[[ Task material, beginning ]]

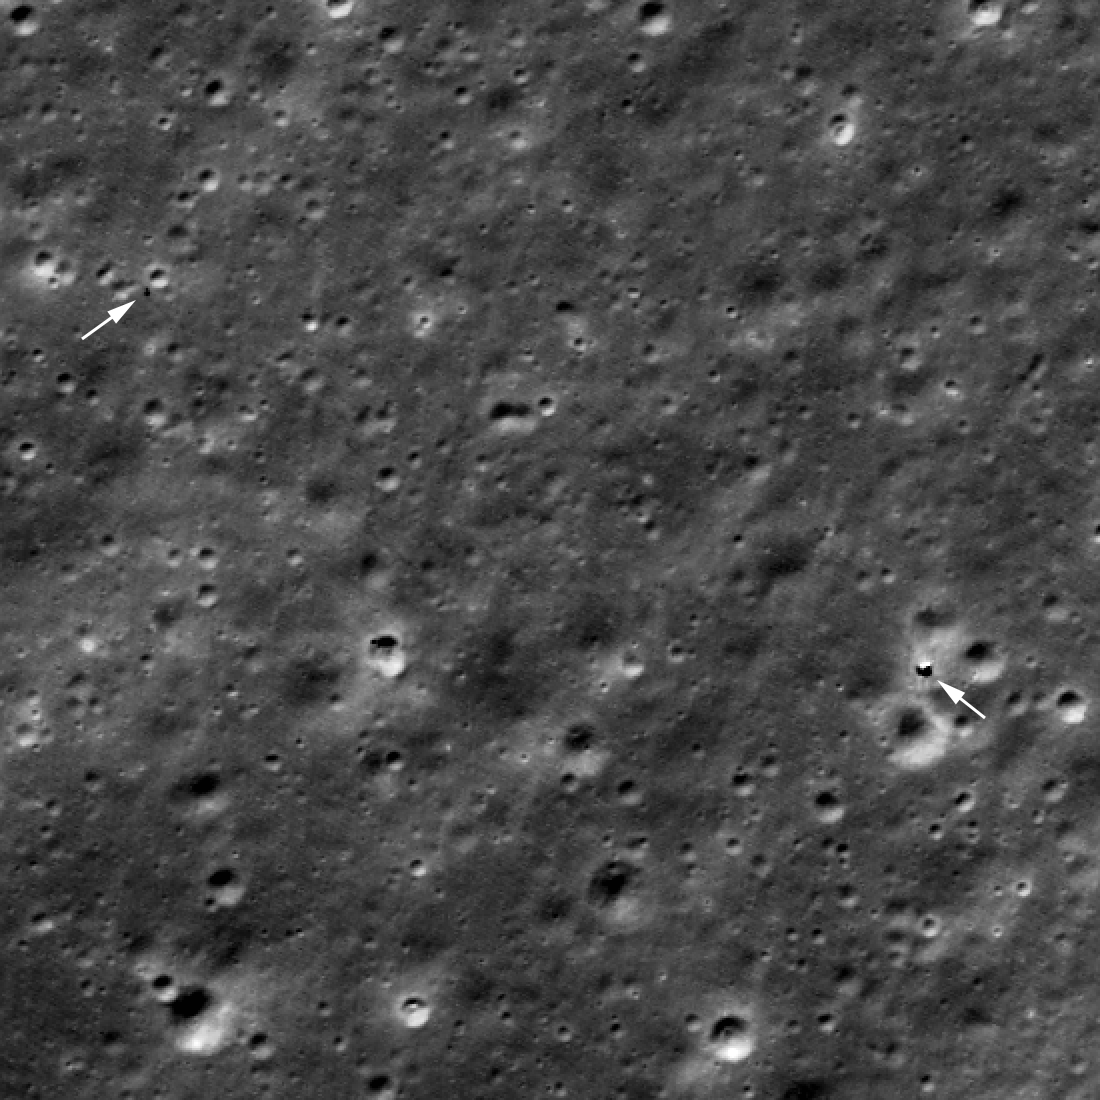 Recent image of Chang'e 4 landr and Yutu rover (enlarged 2x)
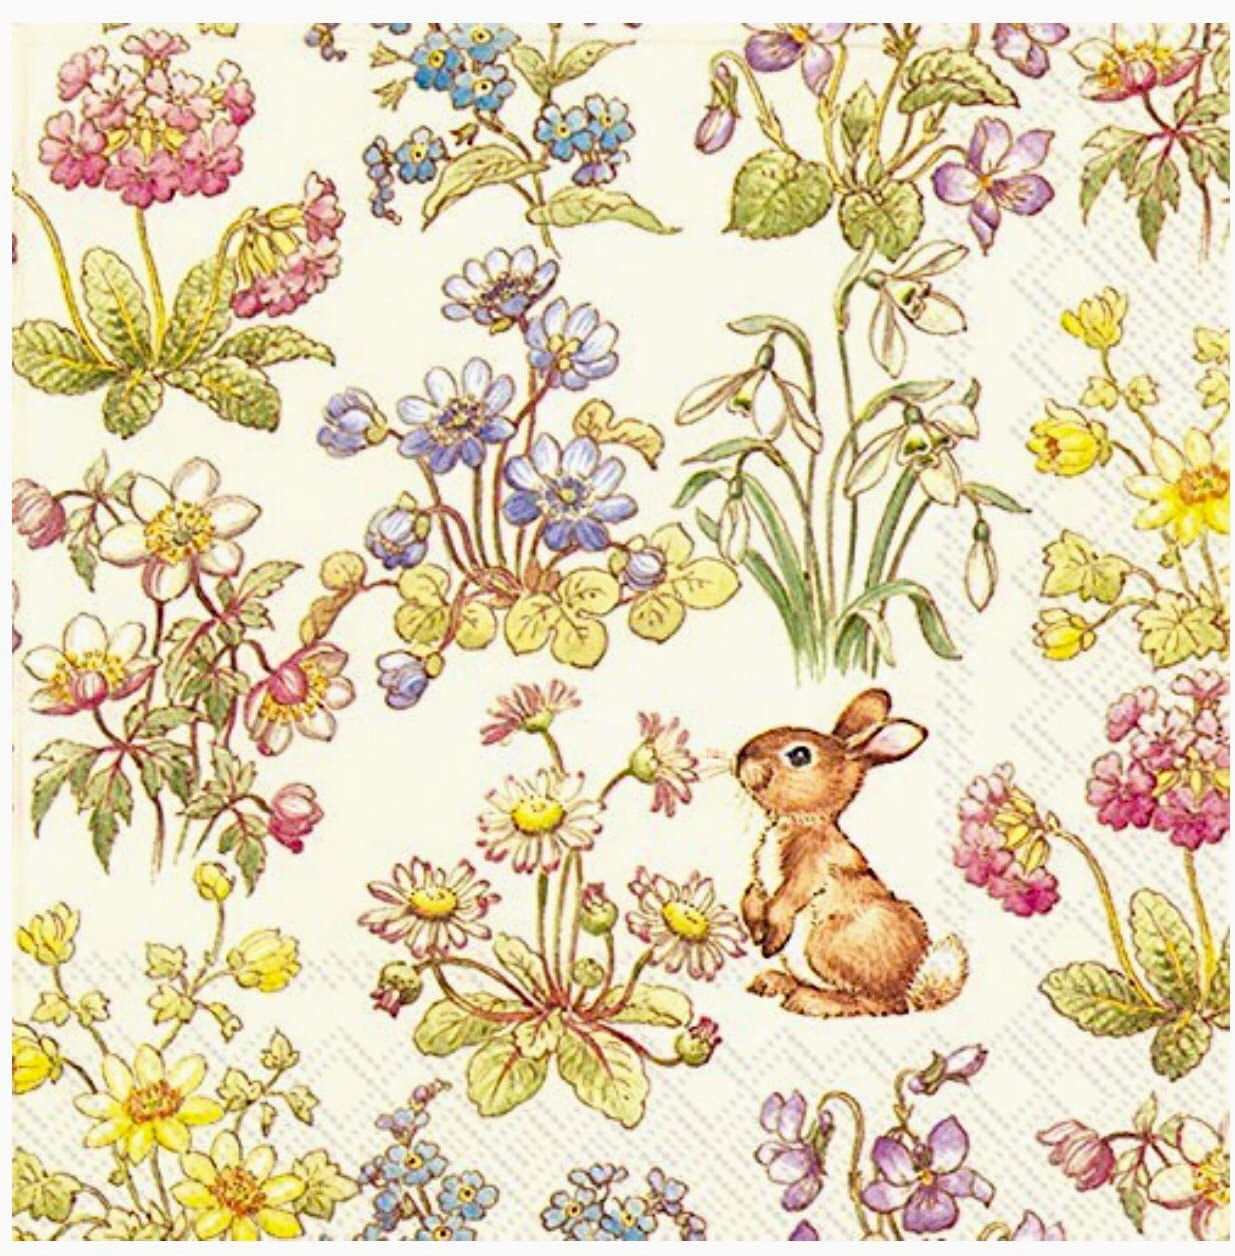 MesaFina Snoopy Little Rabbit Paper Luncheon Napkins 40-ct 
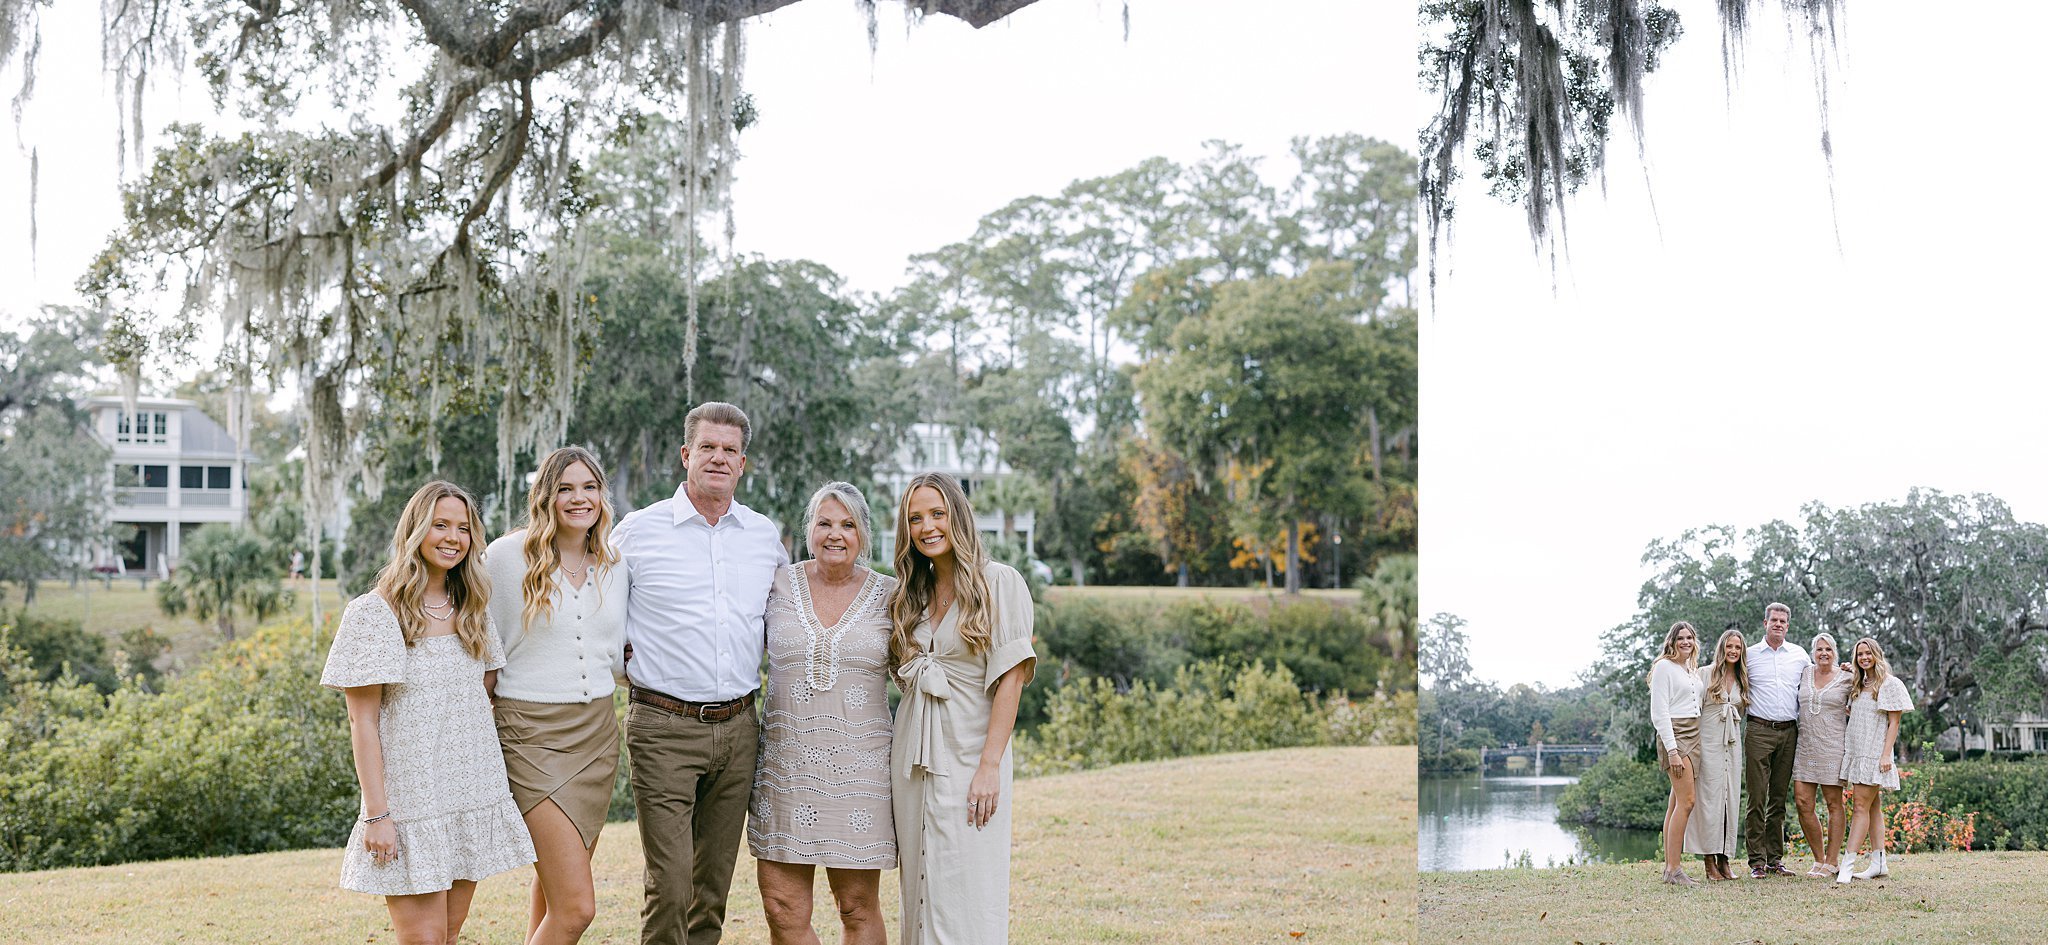 Katherine_Ives_Photography_Timmerman_Family_palmetto_bluff_35997.JPG
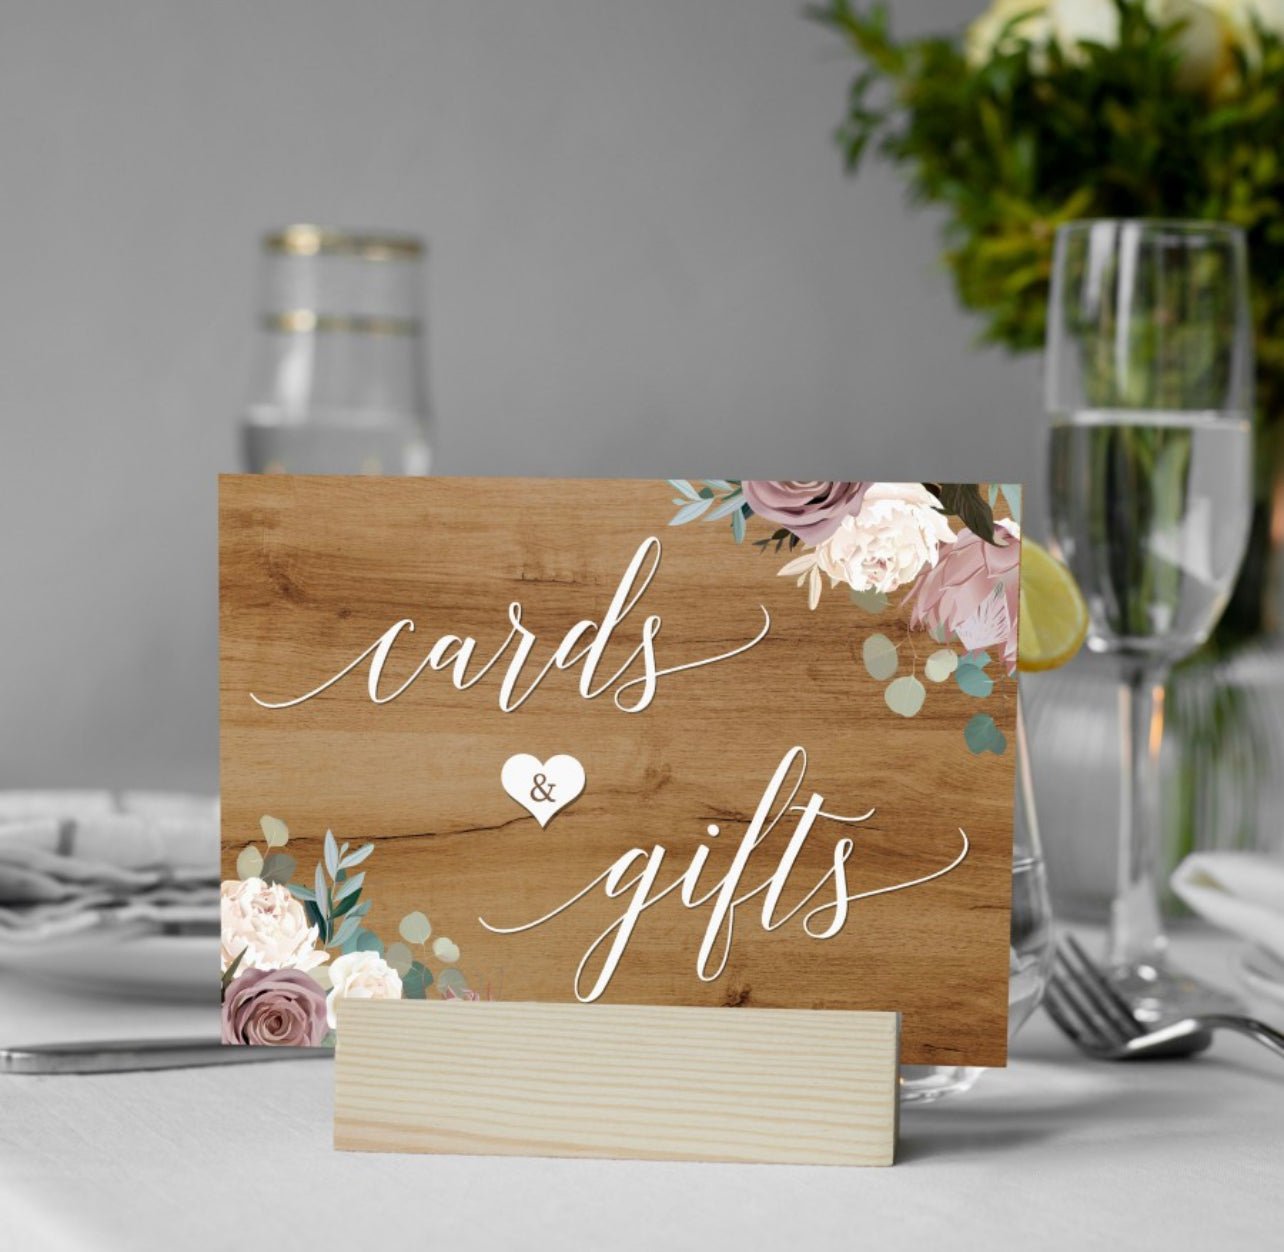 Wooden Dusky Rose Cards & Gifts Sign - Cute as a Button by Laura
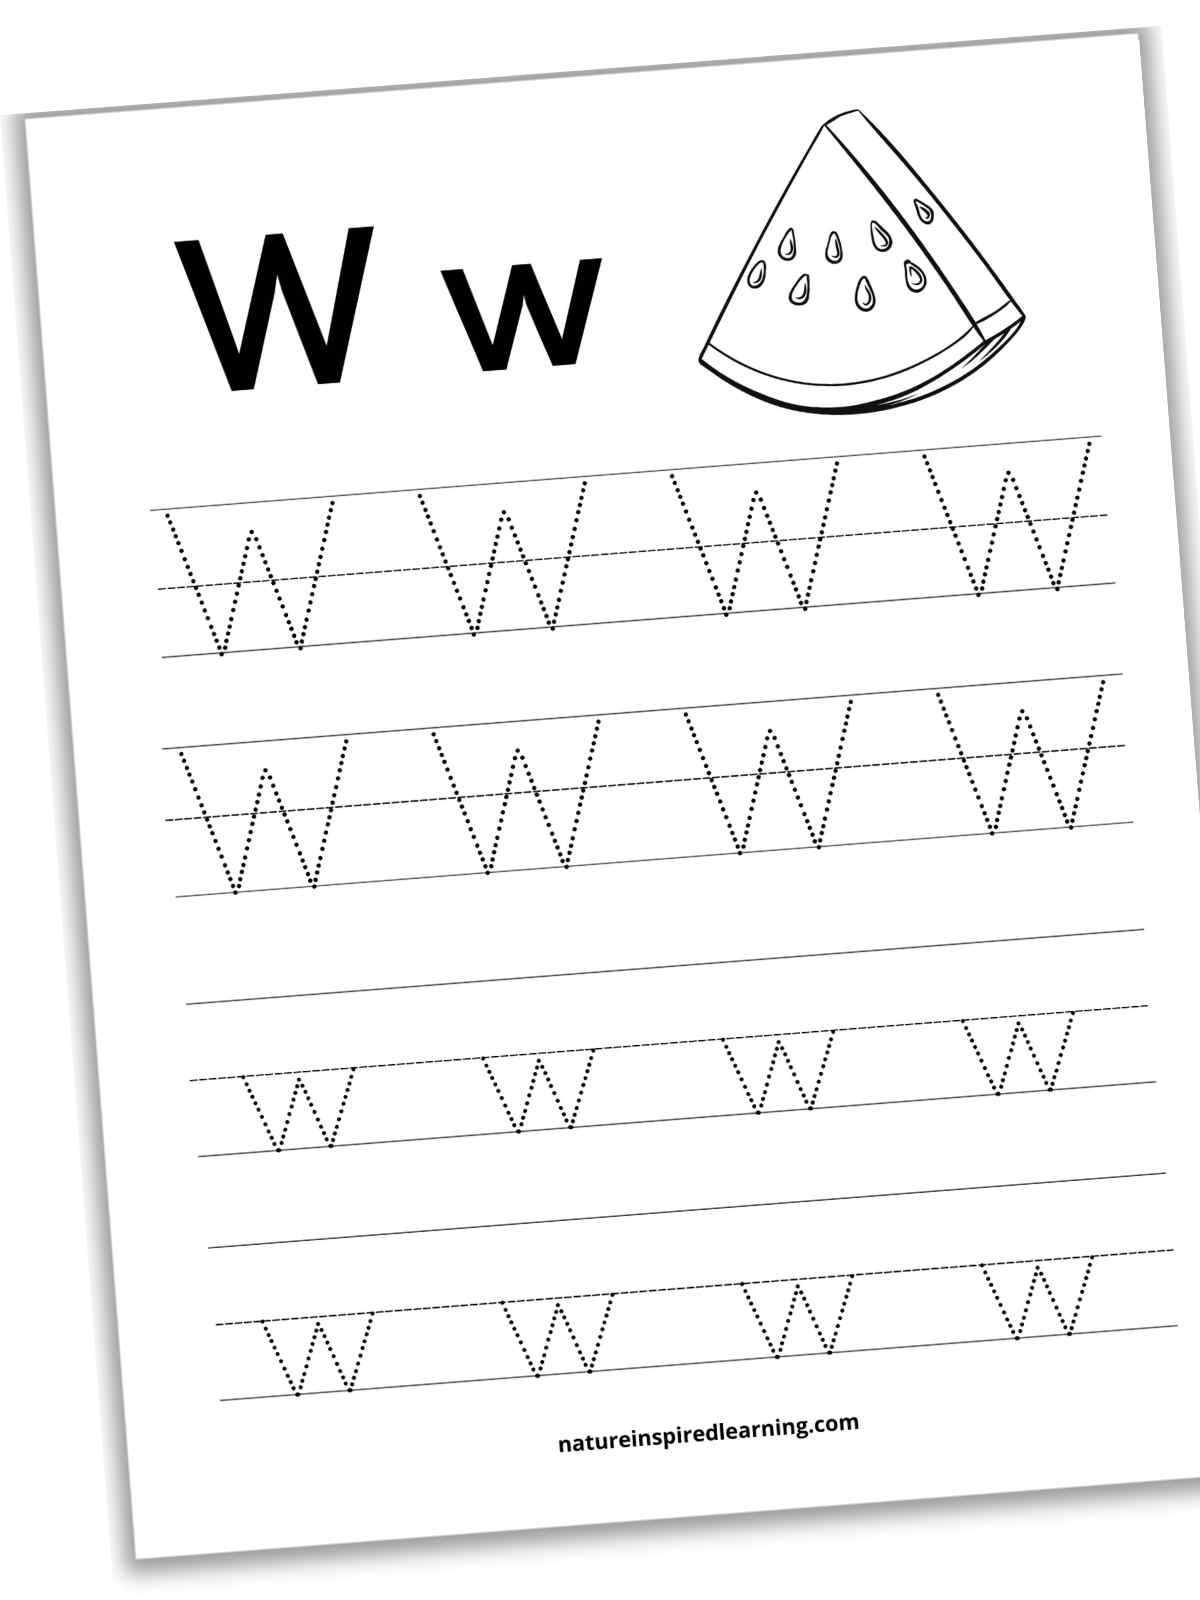 worksheet with four sets of lines two with capital W's and two with lowercase w's in dotted font. Black and white watermelon slice upper right

[[ Task material, end ]]

- Problem statement
Return each entry exactly as given. Leave the images out.

- Written solution
 Recent image of Chang'e 4 landr and Yutu rover (enlarged 2x)
 MesaFina Snoopy Little Rabbit Paper Luncheon Napkins 40-ct 
 Katherine_Ives_Photography_Timmerman_Family_palmetto_bluff_35997.JPG
 Wooden Dusky Rose Cards & Gifts Sign - Cute as a Button by Laura
 worksheet with four sets of lines two with capital W's and two with lowercase w's in dotted font. Black and white watermelon slice upper right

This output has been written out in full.